[EXERCISE]:
Beginning with the line that contains "pinigų pervedimas iš", output each line below exactly through the last one, both included, and nothing else.

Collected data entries
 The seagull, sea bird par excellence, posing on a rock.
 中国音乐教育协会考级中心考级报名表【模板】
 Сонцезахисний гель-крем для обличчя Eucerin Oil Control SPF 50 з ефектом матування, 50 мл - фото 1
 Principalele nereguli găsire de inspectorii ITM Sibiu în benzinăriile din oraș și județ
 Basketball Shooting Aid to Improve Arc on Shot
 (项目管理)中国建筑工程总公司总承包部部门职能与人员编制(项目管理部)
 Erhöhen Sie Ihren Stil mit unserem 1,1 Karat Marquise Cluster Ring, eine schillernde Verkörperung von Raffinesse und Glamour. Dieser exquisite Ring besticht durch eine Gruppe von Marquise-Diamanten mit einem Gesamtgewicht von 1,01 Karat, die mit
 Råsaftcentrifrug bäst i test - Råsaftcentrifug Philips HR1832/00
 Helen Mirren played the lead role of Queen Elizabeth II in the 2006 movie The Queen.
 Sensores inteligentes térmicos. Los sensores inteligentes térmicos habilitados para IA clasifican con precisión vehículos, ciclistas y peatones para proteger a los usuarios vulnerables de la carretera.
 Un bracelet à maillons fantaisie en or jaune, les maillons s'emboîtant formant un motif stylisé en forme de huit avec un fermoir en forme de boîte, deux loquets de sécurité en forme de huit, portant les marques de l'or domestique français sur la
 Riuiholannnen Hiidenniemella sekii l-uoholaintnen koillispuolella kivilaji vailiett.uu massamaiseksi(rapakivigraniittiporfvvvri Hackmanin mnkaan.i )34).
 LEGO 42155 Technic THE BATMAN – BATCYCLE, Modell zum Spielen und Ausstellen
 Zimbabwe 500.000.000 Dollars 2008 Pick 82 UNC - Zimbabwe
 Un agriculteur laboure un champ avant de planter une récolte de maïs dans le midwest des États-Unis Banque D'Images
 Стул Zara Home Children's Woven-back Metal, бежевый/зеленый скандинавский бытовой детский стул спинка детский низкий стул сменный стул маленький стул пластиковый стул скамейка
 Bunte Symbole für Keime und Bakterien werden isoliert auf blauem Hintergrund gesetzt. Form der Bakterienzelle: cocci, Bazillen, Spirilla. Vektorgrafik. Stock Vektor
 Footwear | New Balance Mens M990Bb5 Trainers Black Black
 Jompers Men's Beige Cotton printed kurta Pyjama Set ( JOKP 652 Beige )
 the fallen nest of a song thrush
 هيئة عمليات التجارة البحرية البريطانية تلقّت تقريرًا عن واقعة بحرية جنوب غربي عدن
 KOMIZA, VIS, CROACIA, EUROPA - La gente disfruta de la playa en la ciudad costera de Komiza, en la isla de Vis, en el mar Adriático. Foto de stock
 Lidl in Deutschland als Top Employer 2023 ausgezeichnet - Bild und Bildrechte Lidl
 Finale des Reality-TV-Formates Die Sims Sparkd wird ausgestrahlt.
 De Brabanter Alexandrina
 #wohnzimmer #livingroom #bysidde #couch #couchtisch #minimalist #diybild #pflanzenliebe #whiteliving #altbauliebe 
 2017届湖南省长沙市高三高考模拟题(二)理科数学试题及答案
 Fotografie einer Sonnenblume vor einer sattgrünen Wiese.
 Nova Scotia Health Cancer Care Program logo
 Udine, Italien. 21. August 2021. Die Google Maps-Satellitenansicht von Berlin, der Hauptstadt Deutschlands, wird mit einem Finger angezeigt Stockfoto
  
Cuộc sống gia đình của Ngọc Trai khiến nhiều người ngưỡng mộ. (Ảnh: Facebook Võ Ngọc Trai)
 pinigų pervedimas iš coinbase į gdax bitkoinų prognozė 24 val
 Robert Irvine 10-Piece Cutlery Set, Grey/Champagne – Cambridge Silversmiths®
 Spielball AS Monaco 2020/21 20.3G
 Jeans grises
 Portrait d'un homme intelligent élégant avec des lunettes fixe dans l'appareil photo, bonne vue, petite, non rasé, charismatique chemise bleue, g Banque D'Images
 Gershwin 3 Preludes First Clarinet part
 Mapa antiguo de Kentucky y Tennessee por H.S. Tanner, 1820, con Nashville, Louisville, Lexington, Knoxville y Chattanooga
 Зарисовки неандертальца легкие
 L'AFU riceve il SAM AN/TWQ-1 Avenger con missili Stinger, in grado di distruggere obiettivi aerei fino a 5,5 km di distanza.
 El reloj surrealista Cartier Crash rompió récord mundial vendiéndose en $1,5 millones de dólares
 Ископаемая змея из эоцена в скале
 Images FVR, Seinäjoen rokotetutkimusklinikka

[FINAL ANSWER]:
 pinigų pervedimas iš coinbase į gdax bitkoinų prognozė 24 val
 Robert Irvine 10-Piece Cutlery Set, Grey/Champagne – Cambridge Silversmiths®
 Spielball AS Monaco 2020/21 20.3G
 Jeans grises
 Portrait d'un homme intelligent élégant avec des lunettes fixe dans l'appareil photo, bonne vue, petite, non rasé, charismatique chemise bleue, g Banque D'Images
 Gershwin 3 Preludes First Clarinet part
 Mapa antiguo de Kentucky y Tennessee por H.S. Tanner, 1820, con Nashville, Louisville, Lexington, Knoxville y Chattanooga
 Зарисовки неандертальца легкие
 L'AFU riceve il SAM AN/TWQ-1 Avenger con missili Stinger, in grado di distruggere obiettivi aerei fino a 5,5 km di distanza.
 El reloj surrealista Cartier Crash rompió récord mundial vendiéndose en $1,5 millones de dólares
 Ископаемая змея из эоцена в скале
 Images FVR, Seinäjoen rokotetutkimusklinikka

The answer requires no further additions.